2007-02-07 Thread steve uurtamo
 I have been reading this list for nearly a year now and it is very 
 discouraging to
 receive so much criticism for my first post.

it means that you've touched upon an important issue to the readers of the
list.  this, in and of itself, means that you are getting valuable information 
from
the list readers about what's important to them.  keep in mind that any 
criticism
that you received wasn't criticism of you, just of the idea of a forum.  it 
could be
that many of the list members are a bunch of barnacles who prefer to receive 
most
of their information through a single interface.  i'd certainly count myself in 
the barnacle
crowd -- i think that the information in this list doesn't need much 'jazzing 
up', and that
an arbitrary mail client gives me excellent capacity to participate in the list.

low-ascii serves as a great carrier of information for me, and keeps the 
distraction
level down.  without the easy ability to communicate with other list members 
using
shockwave flash or the urgent need to create 5.1 HD movies of computers battling
it out mano-a-mano, i find myself more rapidly focused on the topic of finding 
good
go playing algorithms.

with that having been said, let me try to address some of the ways in which
email lists can be finessed to service many of the needs that you bring up.
it could be that with a decent mail or news client, all of your worries will be
like yesterday's mashed potatoes.

 * One can post in various sections. The sections we can have here could be:
 Monte Carlo Go, Search in Go, Learning in Go, CGOS, KGS, Human Go.

Subject:  lines work for this purpose, and additionally allow for the easy 
creation
of new sections.

 * Threads are easy to find and each thread has a post count. The post count is
 a good indication of how interesting that thread is. For example if there are 
 many
 threads that I haven't had time to read, then I will first read the ones with 
 the most
 post count.

You might want to use a mail client that allows you to thread messages by From:
and by Subject:.  Many usenet news readers do this automagically, but 
autosorting
your inbound mail by sender and subsorting by subject line will get you 90% of 
the
way there.

 * Different viewing options: flat (newest first), threaded or tree. These can 
 be useful
 for various purposes.

Again, most usenet news clients and many mail readers will allow you to do this 
--
you can treat the threads as a way to diminish the importance of old topics, or
expand them and subsort in order to find exactly what you're looking for, 
quickly.

 * Each post has a '+' and '-' associated with it. This means that if you 
 agree with
 the post then you simply press the '+' button and the plus count goes up, 
 similarly
 if you disagree you press the '-' button. This serves two purposes: you don't 
 have to
 post extra posts just to show your agreement/disagreement, which saves space 
 and
 your time; also this is a great way to make votes - those in favour press 
 '+', those
 against press '-'.

this is indeed an advantage.

 * Each post is associated with a date and time. Also it is easy to ressurect 
 threads
 that are years old.

the From  field of all mail messages contains this information, and
many mail clients will allow you to see this information, sort your messages 
using it,
selectively subsort messages inside threads by date, etc., etc.  the Date:  
field
is another one that many mail and news clients will let you thread, sort and 
subsort
with.  the world is your oyster.  an IMAP mail client is one way to keep track 
of
very old messages in a convenient way, and usually has threading and sorting
capabilities built-in as a necessary function for most users.

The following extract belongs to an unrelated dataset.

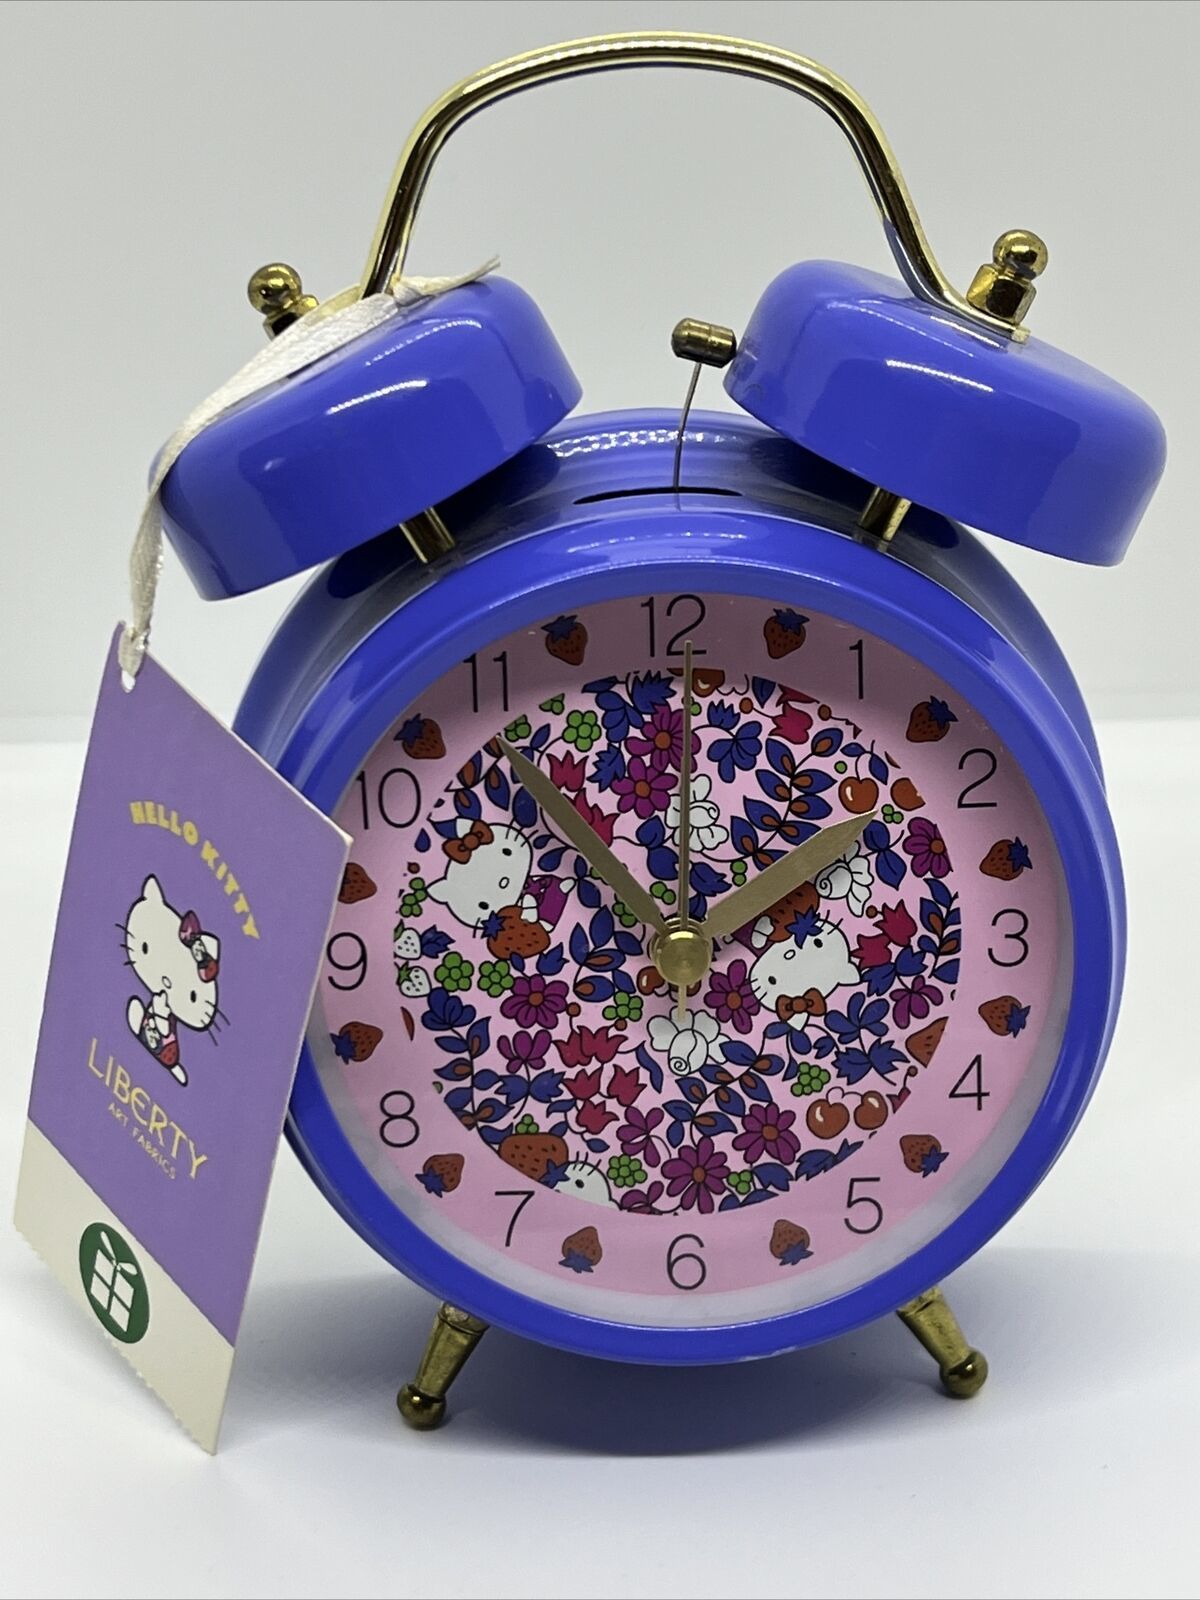 Best Buy: Hello Kitty AM/FM Alarm Clock Radio Pink KT2051B

 * If you had a typo or a mistake in your post, you can easily edit it. This 
 is extremely
 useful.

here i might disagree.  i can see the advantage of being able to fix something 
that
you later realize was wrong, but being required to take the extra effort to get 
it
right in the first place can lead to more thoughtful posting.  it doesn't 
mandate it by
any means, but it certainly seems to encourage it.  it's a kind of 
self-moderation
imposed by the interface.

 * It is not necessary, but it is always nice to see who you are talking to.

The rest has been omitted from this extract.